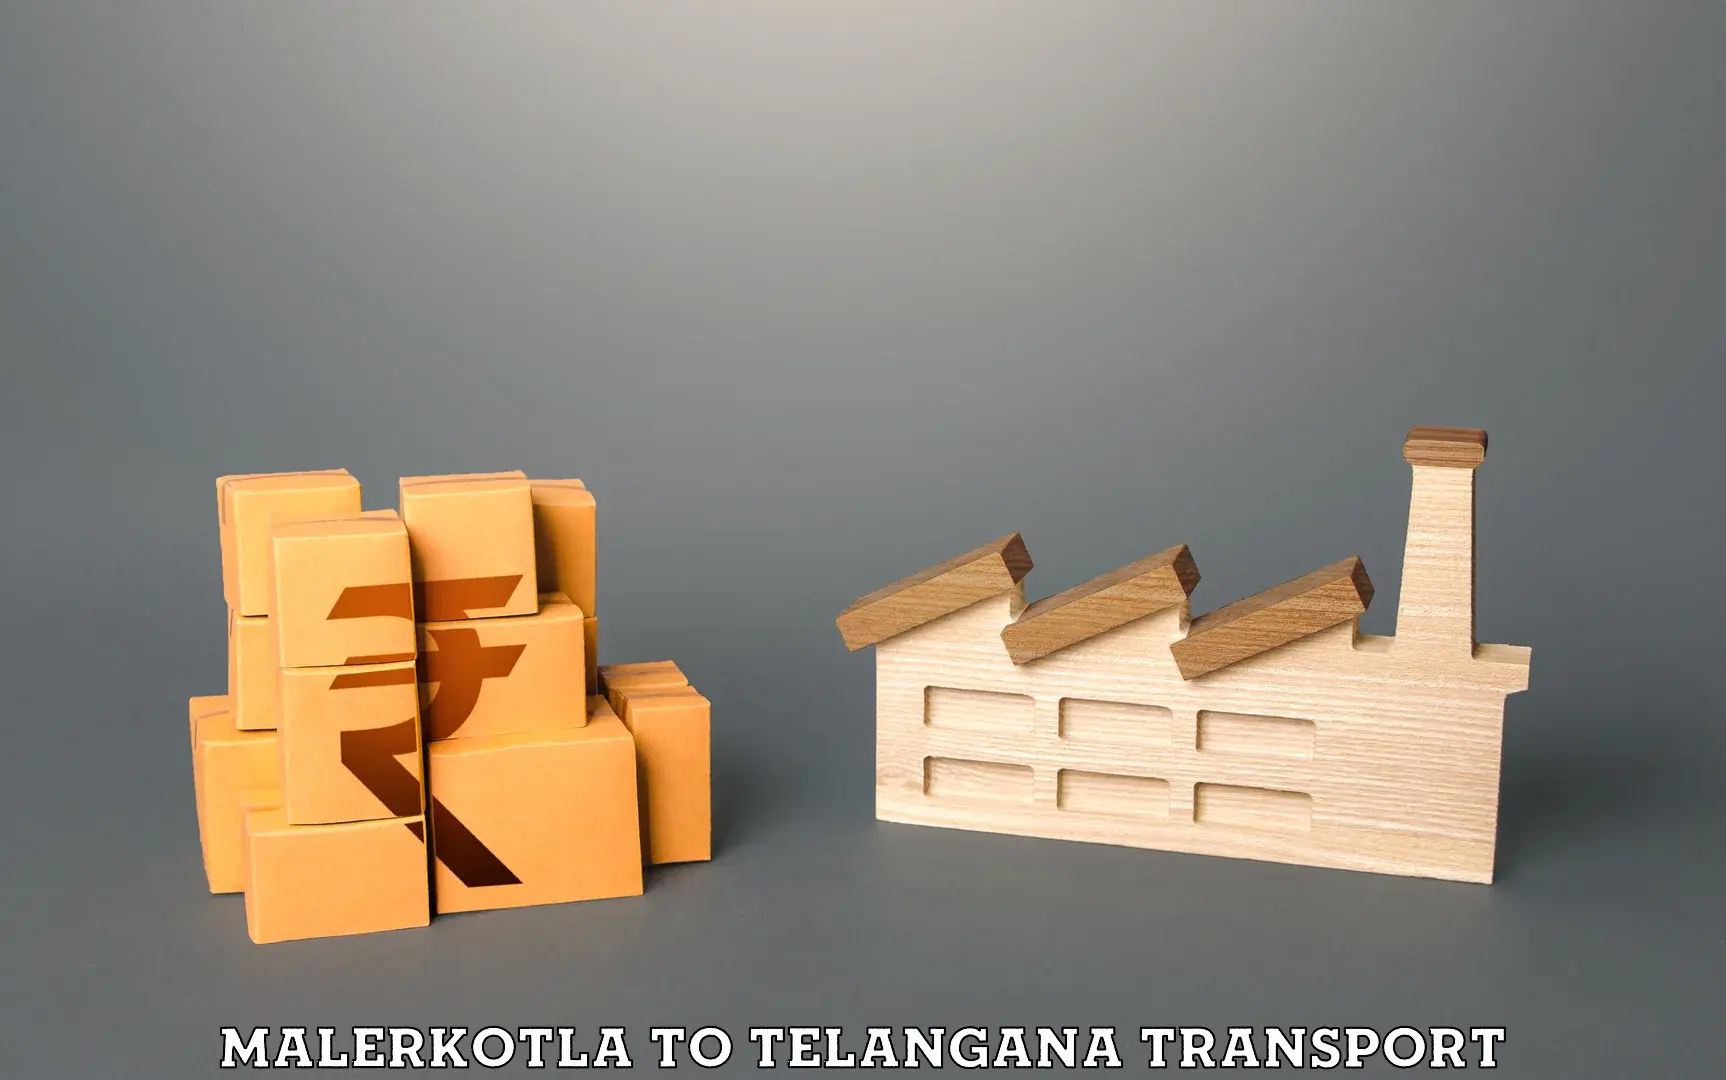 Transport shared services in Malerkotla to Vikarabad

········

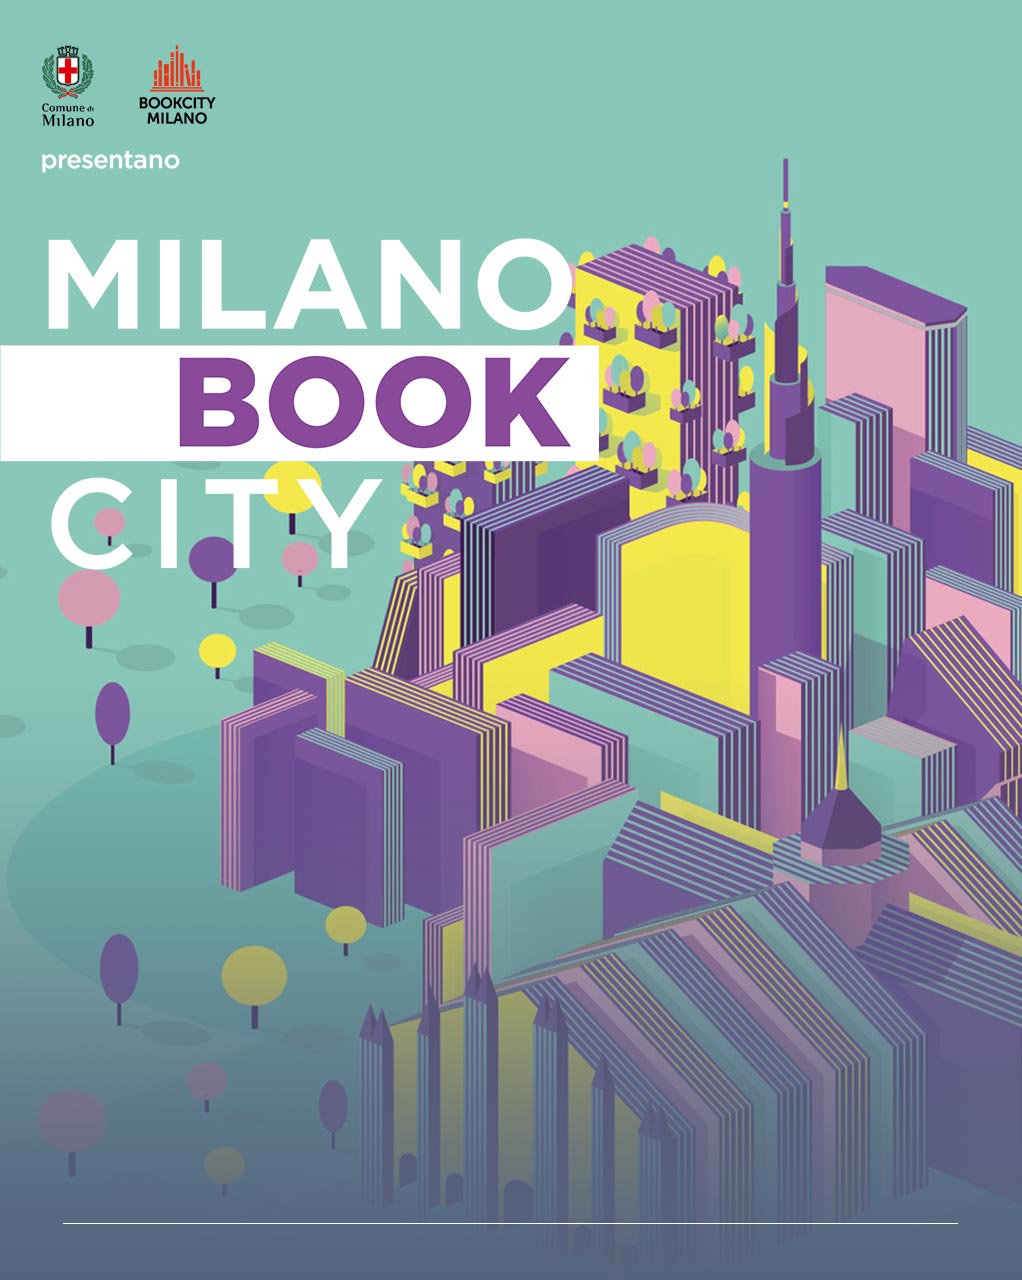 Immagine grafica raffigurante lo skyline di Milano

········

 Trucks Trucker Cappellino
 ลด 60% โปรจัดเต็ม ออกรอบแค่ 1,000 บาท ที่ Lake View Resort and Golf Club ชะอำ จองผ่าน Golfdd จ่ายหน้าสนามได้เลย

········

Task requirements
From the listing above, the lines starting with the one that has "Trucks Trucker Cappellino" and running through the one that has "ลด 60% โปรจัดเต็ม" should be copied exactly, ends included.

Result
 Trucks Trucker Cappellino
 ลด 60% โปรจัดเต็ม ออกรอบแค่ 1,000 บาท ที่ Lake View Resort and Golf Club ชะอำ จองผ่าน Golfdd จ่ายหน้าสนามได้เลย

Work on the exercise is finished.